The masses involve are of the order of a few hundred MeV; we
likewise expect $\Lambda$ to be of the same order and thus the
critical fields will be in the range of $10^{15}$ T. Zeeman
splittings in such fields will be of the order of tens of MeV's
and we expect the effective Lagrangian of Eq.~(\ref{lag}) to be
valid.

\section{Proton $\beta$ Decay in Large Fields}
In this section we shall show how
a delicate interplay between the anomalous magnetic moments of the
proton and neutron makes, in magnetic fields $B\ge 2\times 10^{14}$ T,
the neutron stable and for fields $B\ge 5\times
10^{14}$ T the proton becomes unstable to a decay into a neutron via
$\beta$ emission.

The spectrum of Dirac particles with anomalous magnetic moments,
placed in uniform external magnetic fields can be obtained in a
straightforward manner; the previous statement is true as long as
the energy shifts due to the anomalous part of the moments are
smaller than the masses of the particles. For the field strengths
we shall study, this will be true for the proton and for the
neutron. This treatment has to be modified for the electron, as
even in these fields, the shift due to the QED correction to the
moment of the electron would be larger than the mass itself.

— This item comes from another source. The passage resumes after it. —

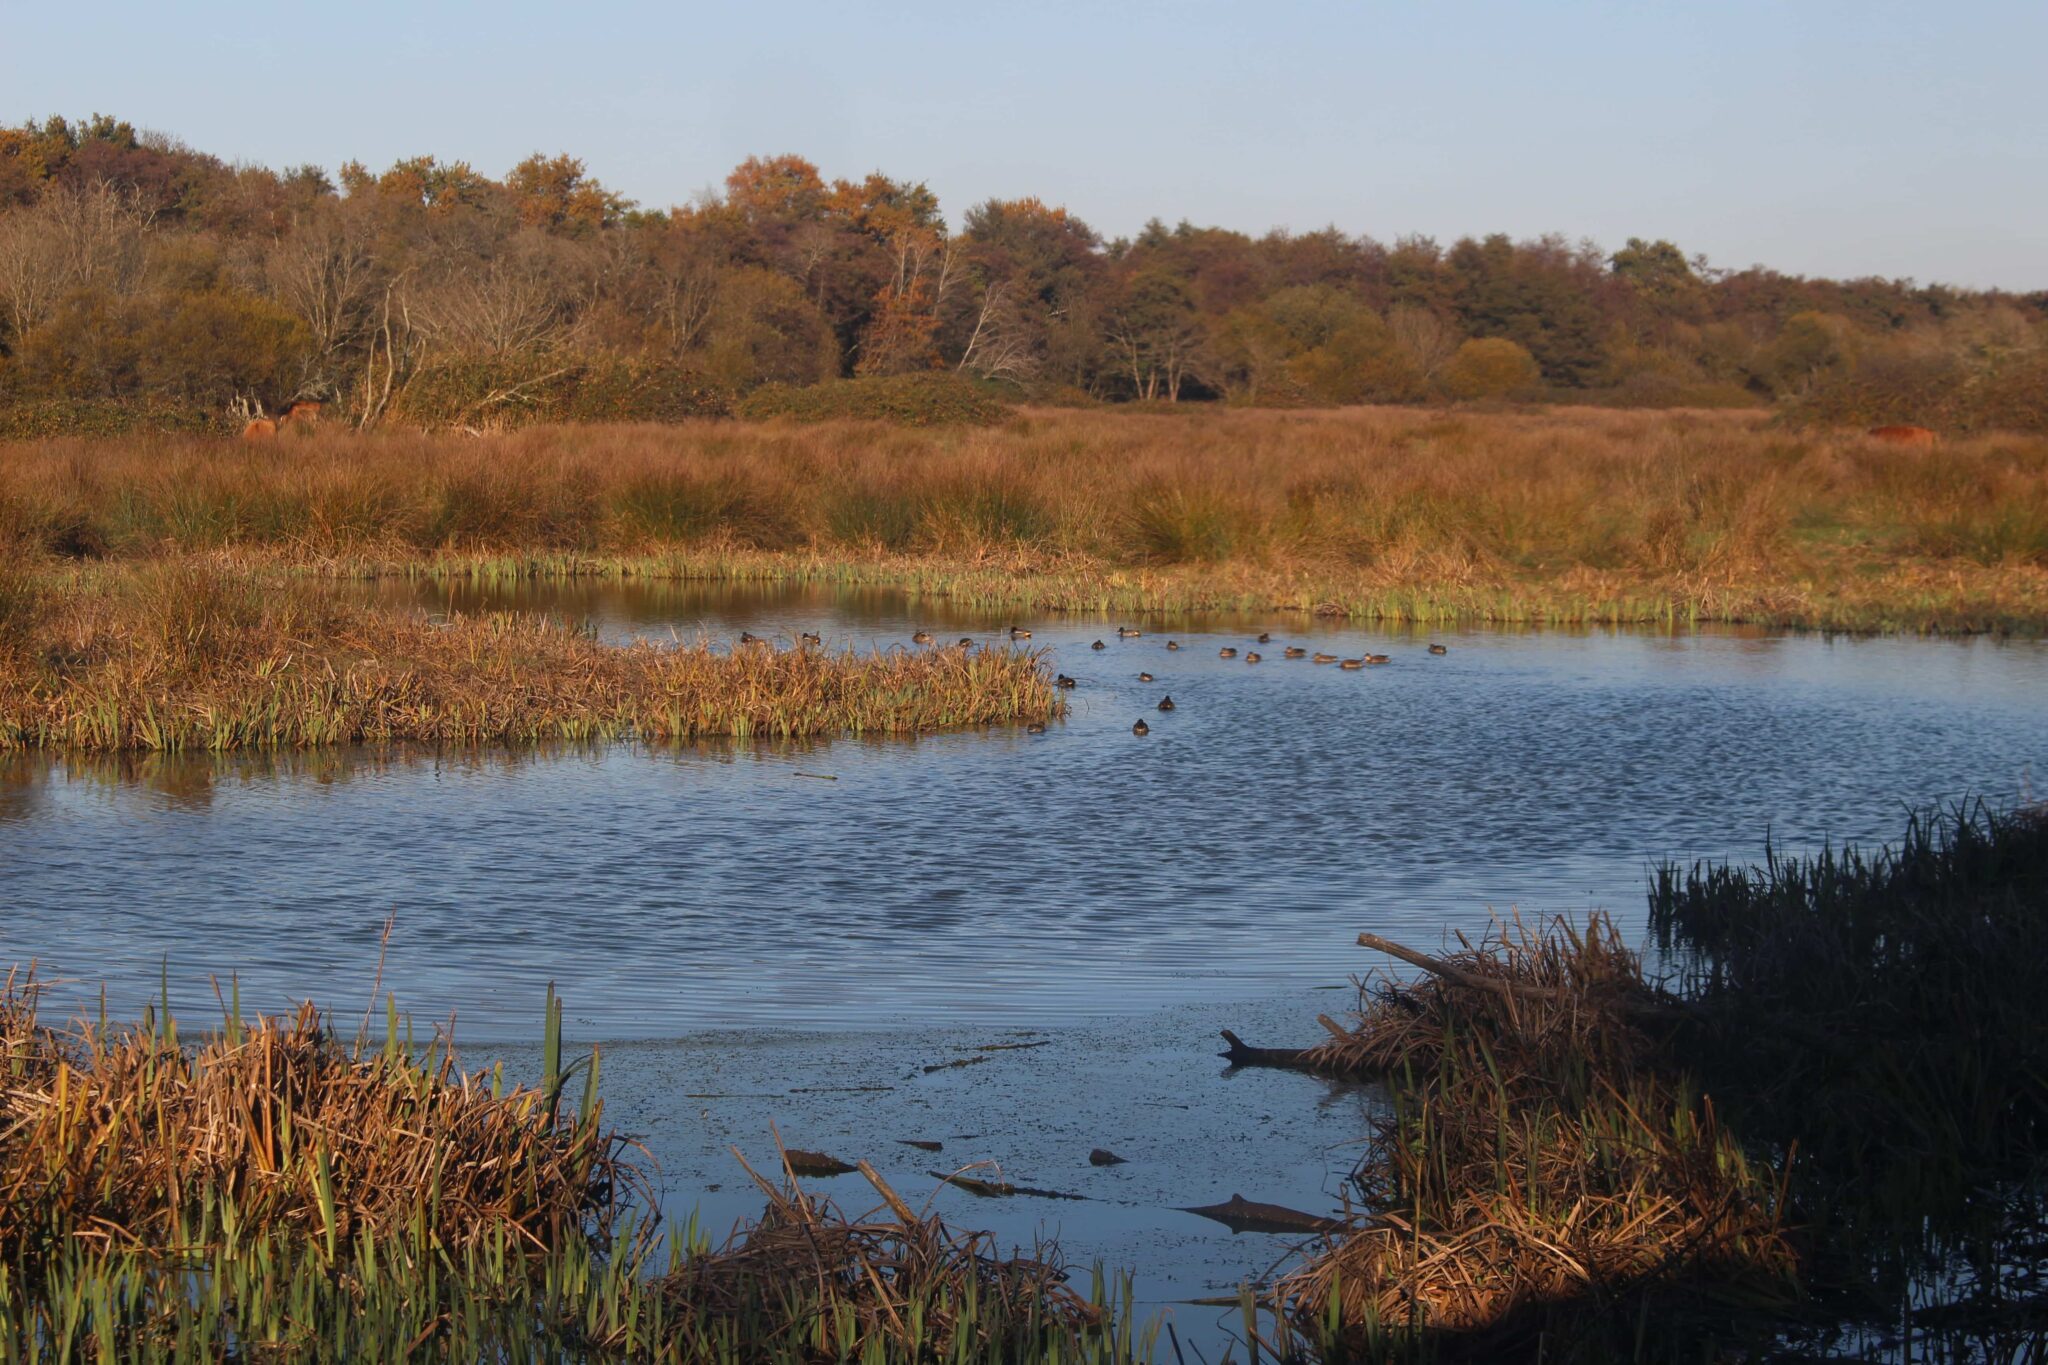 Canards, poules d’eau, hérons, etc. : de nombreux volatiles adaptés aux zones humides viennent trouver refuge dans la réserve, autant dans ses cours d’eau que sur ses rivages.

Although a fully relativistic treatment may be given
\cite{BanRub2}, we shall, for the proton and neutron quote the
non-relativistic results. For the field ${\bf B}$ along the ${\bf
{z}}$ direction the energy of a proton in the lowest Landau
level and with spin along the magnetic field is
\begin{equation}
E_p(p_z)={\tilde M}_p+{{{p_z}^2}\over {2{\tilde M}_p}}\, ,
\label{nrpe} \end{equation}
where the effective mass ${\tilde M}$ is
\begin{equation}
{\tilde M}_p=M_p-{e\over {2M_p}}\left ({g_p\over 2}-1\right )B\, ;
\label{protmass}
\end{equation}
$M_p$ is the proton's mass and $g_p=5.58$ is the proton's Land\'{e} g
factor.

For the neutron with momentum ${\bf p}$ and spin opposing the
magnetic field, the non-relativistic energy is
\begin{equation}
E({\bf p})=M_n+{e\over {2M_n}}\left ({g_n\over 2}\right )B+
{{{\bf p}^2}\over {2M_n}}\, ,\label{nrne}
\end{equation}
where this time $M_n$ is the neutron's mass and $g_n=-3.82$.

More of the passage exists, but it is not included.